CureVac CEO Franz-Werner Haas said his vaccine could be available until mid-2021 at a cost of 10 to 15 euros according to the dose. The CureVac vaccine candidate lately wants to be frozen for storage and transport, but the company is aiming to obtain a definitive vaccine that can be stored at the popular temperature consistent with a temperature of 2 to 8 degrees Celsius. Oostvogels says it is less bulky because freezers cannot be obtained and are more expensive, and the vaccine would not need to thaw before injection.
She says the task is exciting but stressful given the volume of paints and the main expectations. There is little room for errors or delays. ” People are dying while we talk about this disease, so if it’s slow or spoils things because not enough paints are painted, it has . . . an immediate impact,” he said.

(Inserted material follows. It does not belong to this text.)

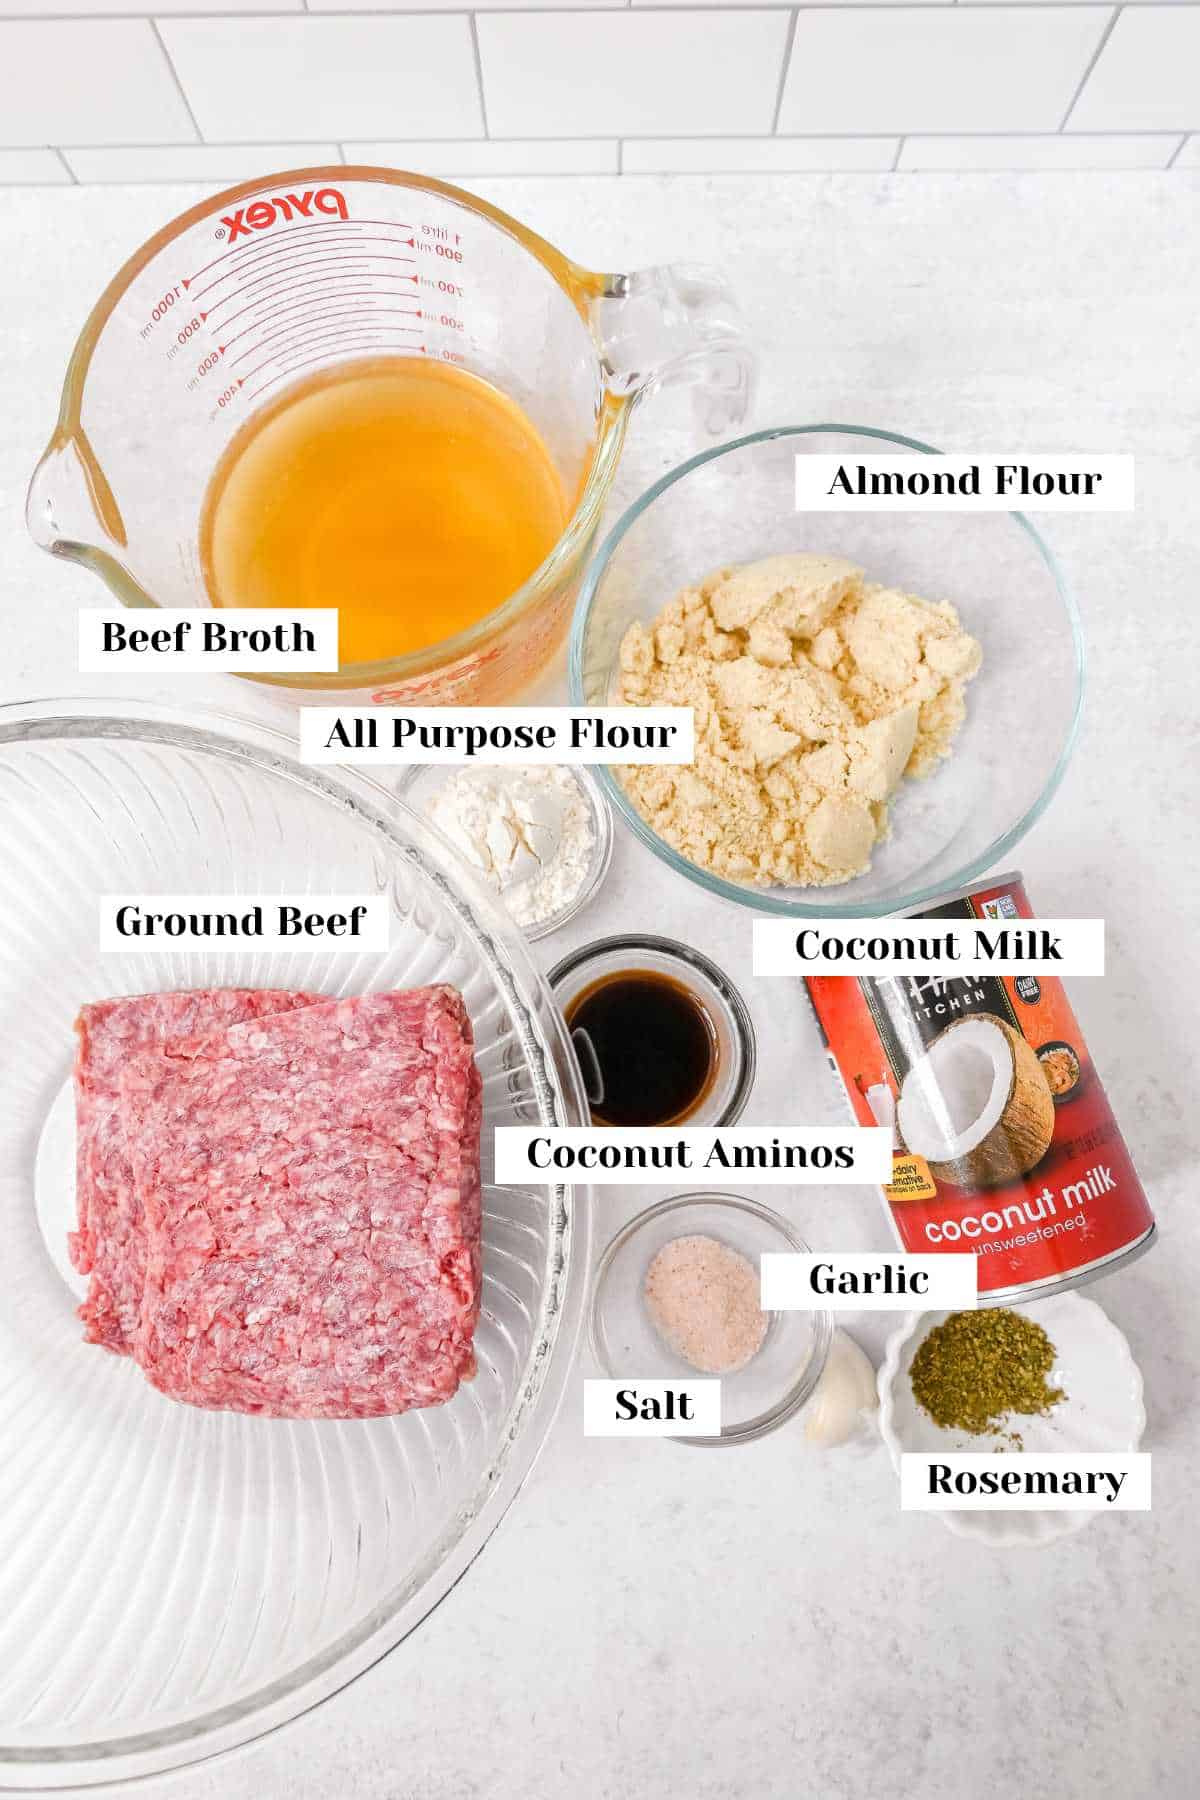 labeled ingredients for this one pot swedish meatball recipe.

It also means that holidays are rare due to the threat of quarantine. “With the existing workload, I can’t not go to the office. “
For her, the optimal result is a vaccine that can protect anyone who needs it; in particular, she thinks of vulnerable members of our societies, like her mother, who is 80 years old and lives alone.
“Other fragile people who currently have no choice, because they don’t have the vaccine, will now have to stay home, far from everyone else, because the global exterior is too harmful to them. “
In July 2020, the European Investment Bank and the European Commission CureVac with EUR 75 million in investment for large-scale vaccine progression and production, adding the CureVac candidate vaccine for SARS-CoV-2.